Seasonality aggregated (EN) R2: 0.632
Seasonality aggregated (EN) MSE: 40766.049


  model = cd_fast.enet_coordinate_descent(


## 4.2. Decentralized method

In this subsection, we consider the seasonality aggregated approach (Section 3.3) for the centralized prediction method and use Elasticnet for prediction.

In [None]:
'''
#Hyperparameter Tuning
BestR2 = -1
BestPar = [-1,-1]

idx1 = [0.1*i for i in range(1,11)] # Set of values for alpha
idx2 = [0.1*i for i in range(11)]   # Set of values for l1_ratio

for i in idx1:
    for j in idx2:
        y_pred = []
        y_test = []
        for k in skuSet:
            elastic = ElasticNet(alpha= i,l1_ratio=j)
            ModelsElastic = elastic.fit(X_dict[k]["train"],y_dict[k]["train"])
            y_pred += list(ModelsElastic.predict(X_dict[k]['test']))
            y_test += list(y_dict[k]["test"])
        R2 = r2_score(np.array(y_test), np.array(y_pred))
        if R2>BestR2:
            BestR2 = R2
            BestPar[0] = i
            BestPar[1] = j
            
print('The best value of alpha:',BestPar[0])
print('The best value of l1_ratio:',BestPar[1])
'''

In [51]:
y_pred = []
skuModels = {}

for i in skuSet:
#    elastic = ElasticNet(alpha=BestPar[0],l1_ratio=BestPar[1])
    elastic = ElasticNet(alpha=1,l1_ratio=0.9)
    skuModels[i] = elastic.fit(X_dict[i]["train"],y_dict[i]["train"])
    y_pred += list(skuModels[i].predict(X_dict[i]['test']))

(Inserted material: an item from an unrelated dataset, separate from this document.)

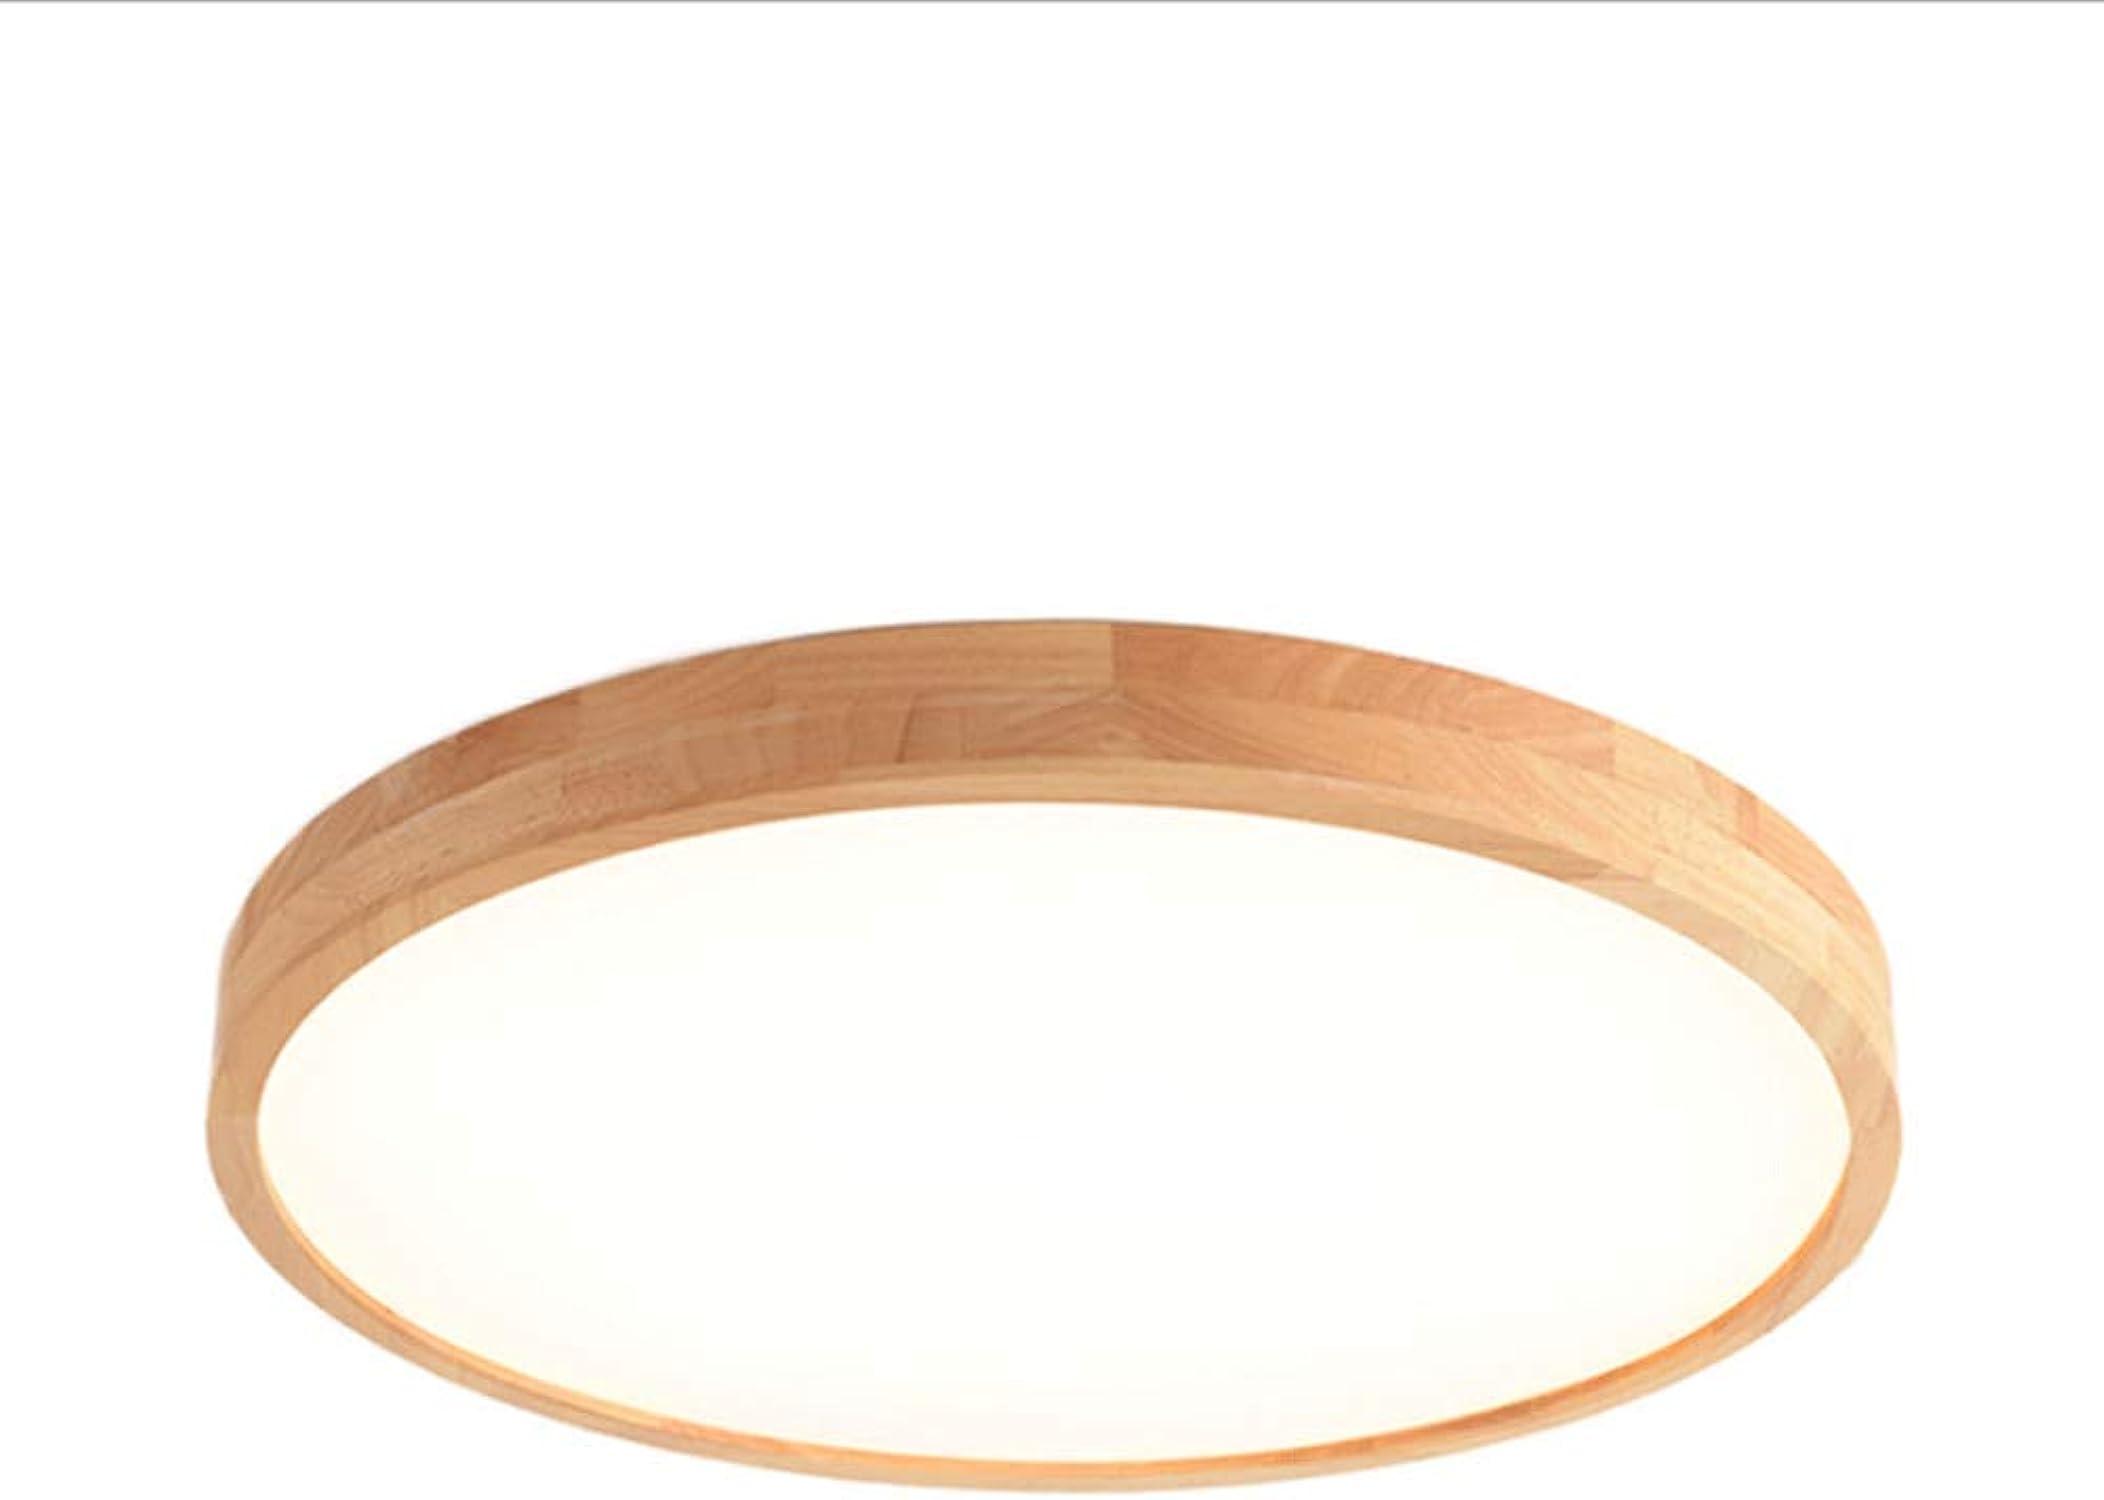 Lámpara de techo de madera maciza de estilo nórdico, rojoonda   ovalada Lámpara de salón de estilo nórdico Pantalla de acrílico Lámpara de jardín moderno Pasillo exterior Cocina Bao Lámpara de balcón

#computing overall performance metrics on y_pred and y_test:
print('Seasonality aggregated (EN) R2:',round(r2_score(y_test, np.array(y_pred)),3))
print('Seasonality aggregated (EN) MSE:', round(mean_squared_error(y_test, np.array(y_pred)),3))

res['Decentralized(SA-EN)']=[r2_score(y_test, np.array(y_pred))]

Seasonality aggregated (EN) R2: 0.595
Seasonality aggregated (EN) MSE: 44882.604


# 5. Results

In [52]:
res

Unnamed: 0,Centralized(LR),Decentralized(LR),Centralized(SA-LR),Decentralized(SA-LR),Centralized(SA-EN),Decentralized(SA-EN)
R2,0.114249,0.516539,0.616066,0.516539,0.631869,0.594695


From the above chart, we notice that the most accurate approach is to make seasonality aggregated data and use Elasticnet ia a centralized approach. 
It is evident that the seasonality aggregated data plays an important role in the prediction accuracy of the centralized method.